In the hushed dining room, Miriam held the salad fork between her thumb and index finger, reminding Juan Diego of the way Flor used to hold a cigarette — as if it were a joint. “Waiter,” Miriam was saying. The lifeless gecko hung limply from the glistening tines of the little fork. The boy driver, who was a clumsy waiter, rushed to take the murder weapon from Miriam. “I’ll need a new ceviche, too,” she told him, taking her seat.

“Don’t get up, darling,” she said, putting her hand on Juan Diego’s shoulder. “I know it hasn’t been long, but I’ve missed you terribly,” she added. Everyone in the dining room had heard her; no one was talking.

“I’ve missed you, ” Juan Diego said to her.

“Well, I’m here now,” Miriam told him.

So they knew each other, everyone was thinking; she wasn’t quite the mystery guest they’d been expecting. Suddenly, she didn’t look uninvited. And Juan Diego didn’t seem exactly neutral .

“This is Miriam, ” Juan Diego announced. “And this is Clark — Clark French, the writer. My former student,” Juan Diego said.

“Oh, yes,” Miriam said, smiling demurely.

“And Clark’s wife, Josefa — Dr. Quintana,” Juan Diego went on.

“I’m so glad there’s a doctor here,” Miriam told Josefa. “It makes the Encantador seem less remote .”

A chorus of shouts greeted her — other doctors, raising their hands. (Mostly men, of course, but even the female doctors put up their hands.)

“Oh, wonderful — a family of doctors,” Miriam said, smiling to everyone. Only Auntie Carmen remained less than charmed; no doubt, she’d taken the gecko’s side — she was a pet person, after all.

And what about the children? Juan Diego was wondering. What did they make of the mystery guest?

He felt Miriam’s hand graze his lap; she rested it on his thigh. “Happy New Year, darling,” she whispered to him. Juan Diego thought he also felt her foot touch his calf, then his knee.

“Hi, Mister,” Consuelo said, from under the table. This time, the little girl in pigtails was not alone; Pedro had crawled under the table with her. Juan Diego peered at them.

Josefa had not seen the children — she was leaning across the table, involved in some unreadable sign language with Clark.

Miriam looked under the table; she saw the two children peering up at them.

“I guess the lady doesn’t love geckos, Mister,” Pedro was saying.

“I don’t think she misses geckos,” Consuelo said.

“I don’t love geckos in my ceviche,” Miriam told the children. “I don’t miss geckos in my salad, ” she added.

“What do you think, Mister?” the little girl in pigtails asked Juan Diego. “What would your sister think?” she asked him.

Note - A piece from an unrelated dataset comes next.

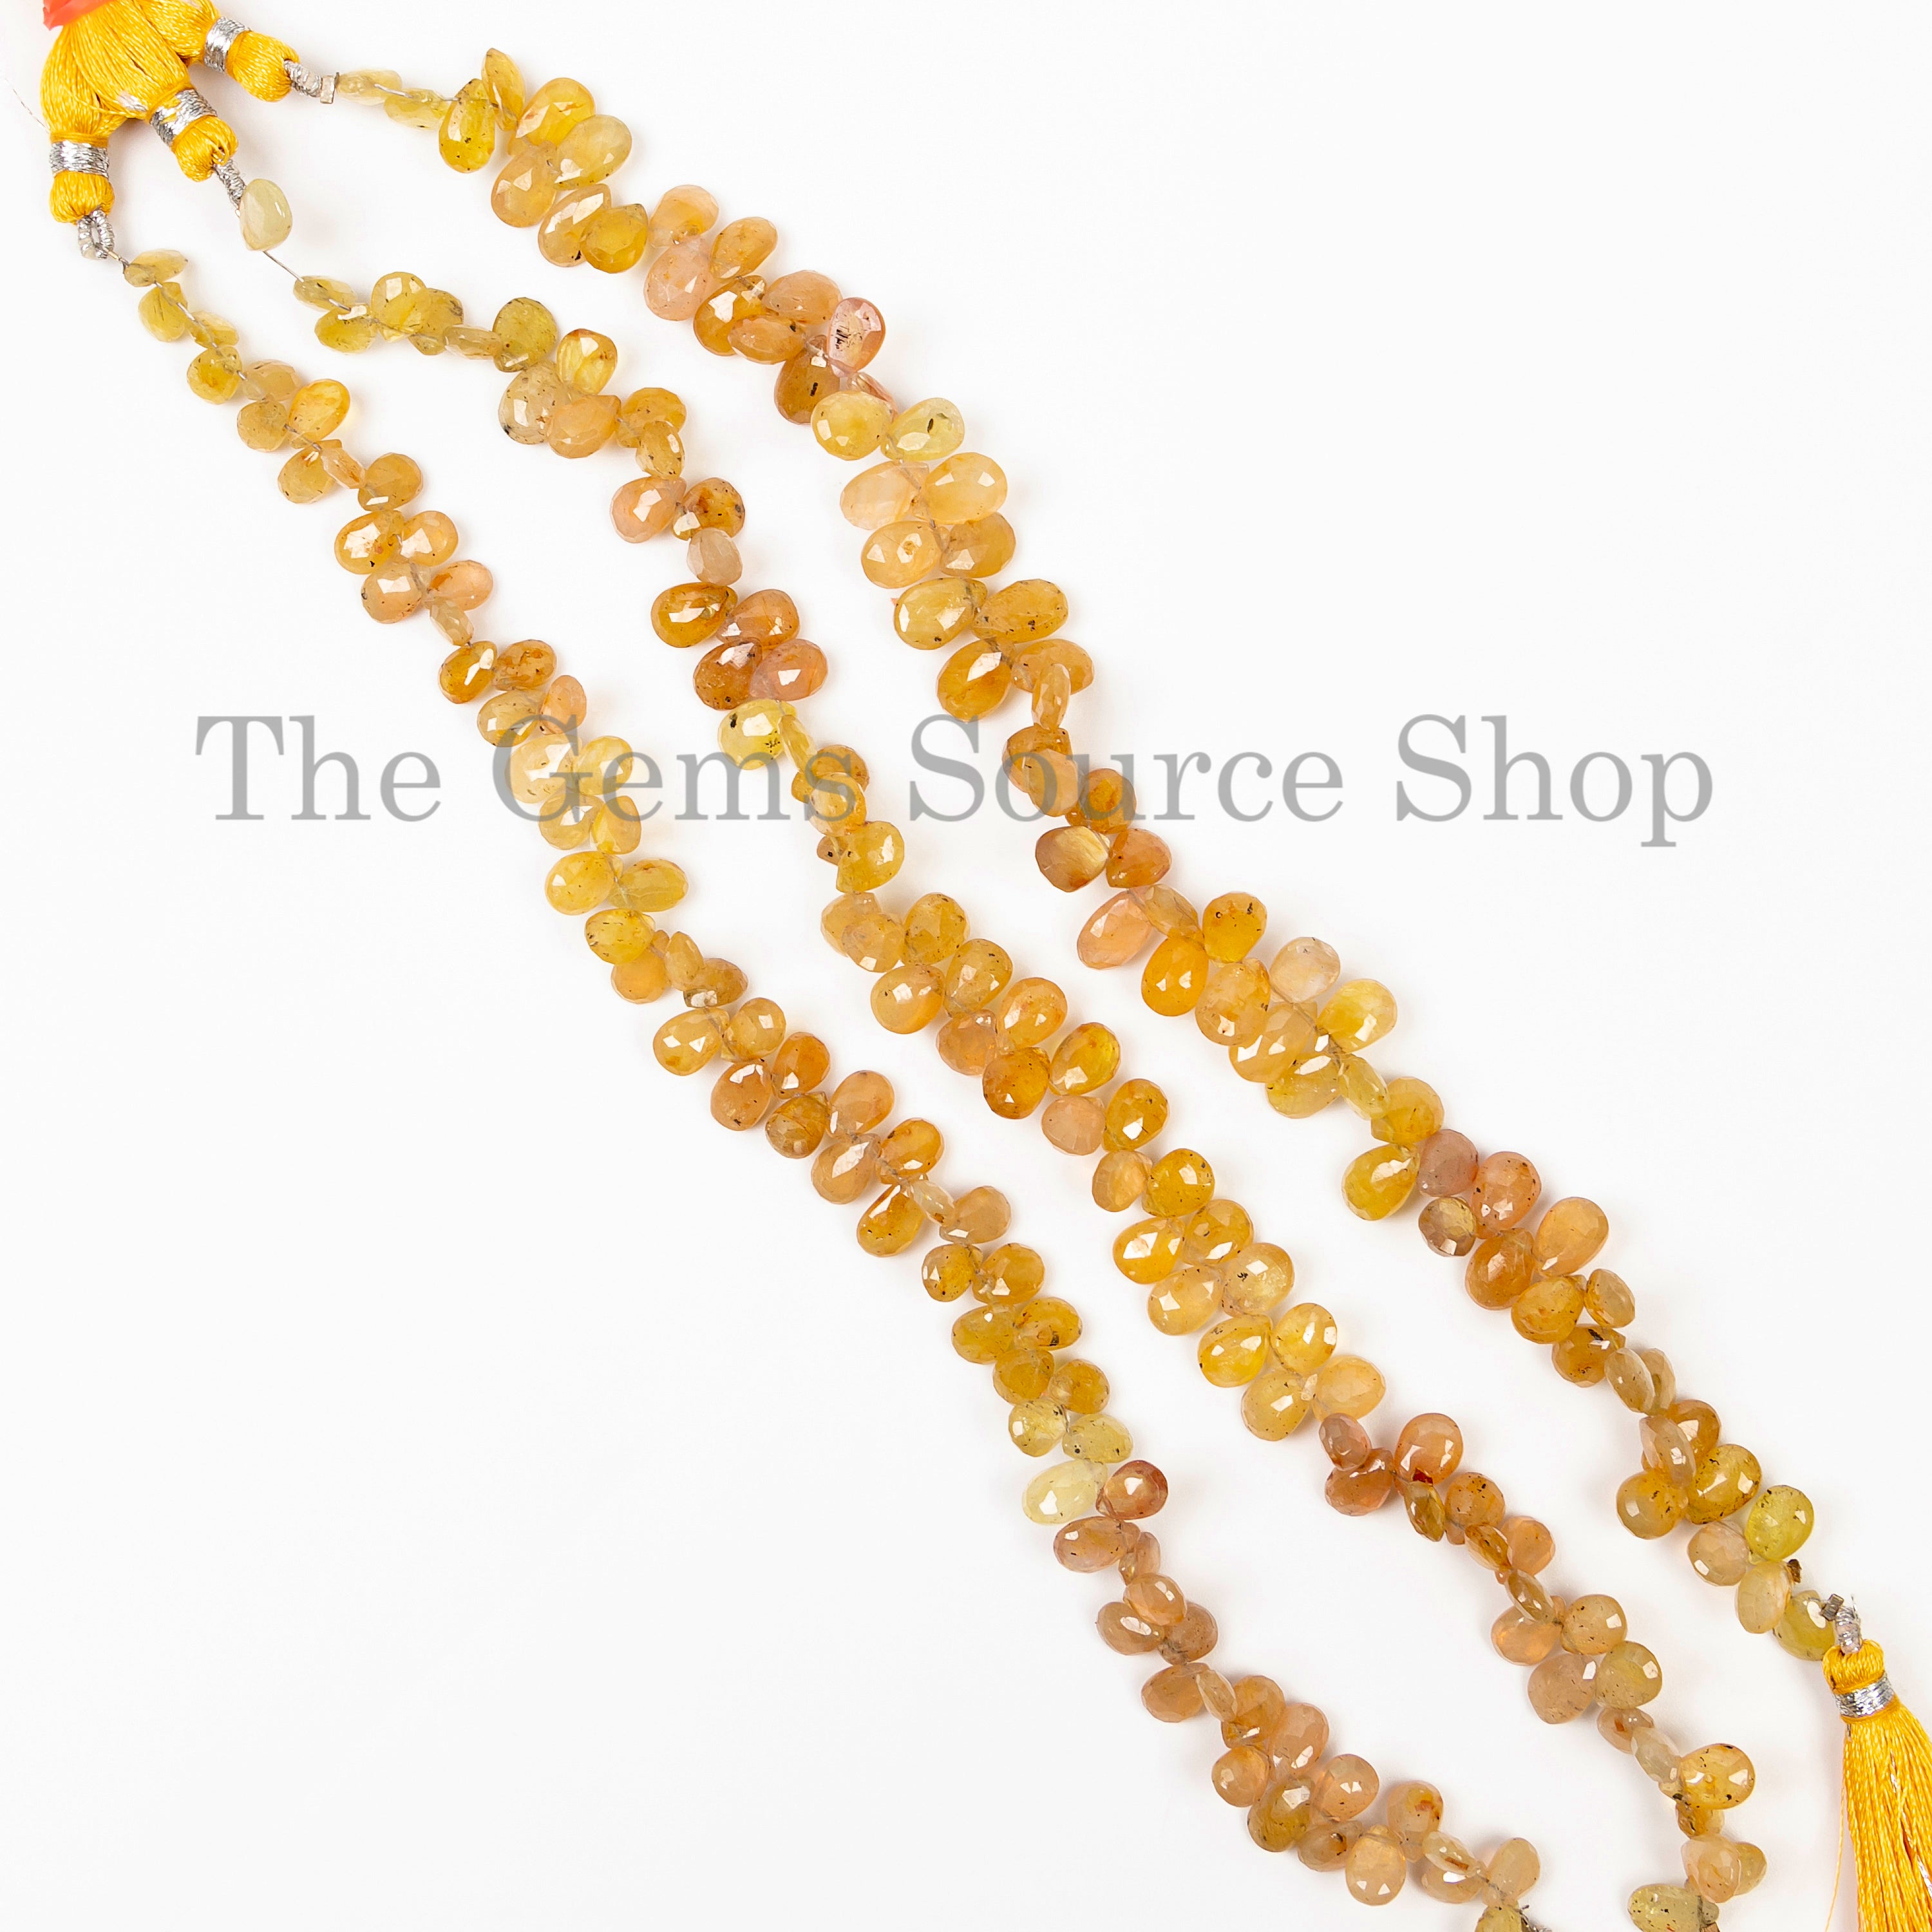 Yellow Sapphire Faceted Pear Beads, 5X7-6X8mm Natural Sapphire Faceted Pear Shape Beads for Jewelry Making. TGS-5050

“Yeah, what would—” Pedro started to say, but Miriam leaned down to them; her face, under the table, was suddenly very close to the kids.

“Listen, you two,” Miriam told them. “Don’t ask him what his sister thinks — his sister was killed by a lion.”

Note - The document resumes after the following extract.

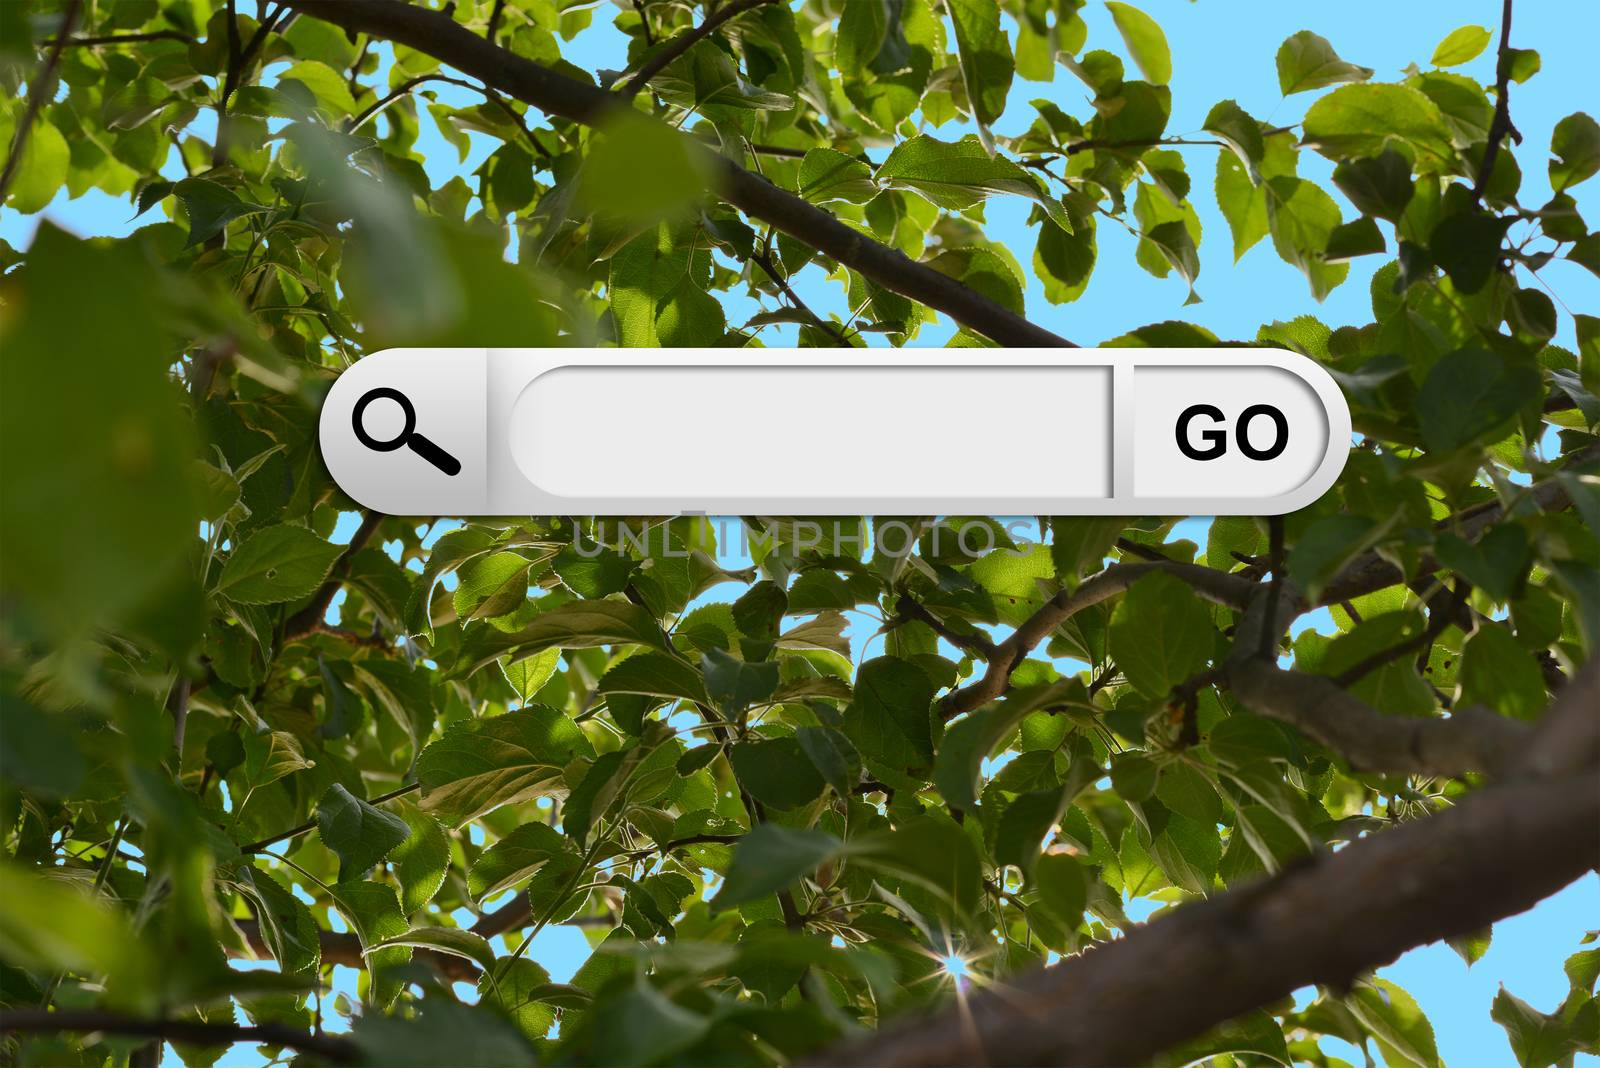 Search bar in browser. Green leaves and brown branches of tree on background

That sent the kids away; they crawled off in a hurry.

I didn’t want to give them nightmares, Juan Diego was trying to tell Miriam, but he couldn’t speak. I didn’t want to frighten them! he tried to tell her, but the words wouldn’t come. It was as if he’d seen Lupe’s face under the table, although the girl with pigtails, Consuelo, was much younger than Lupe had been when she died.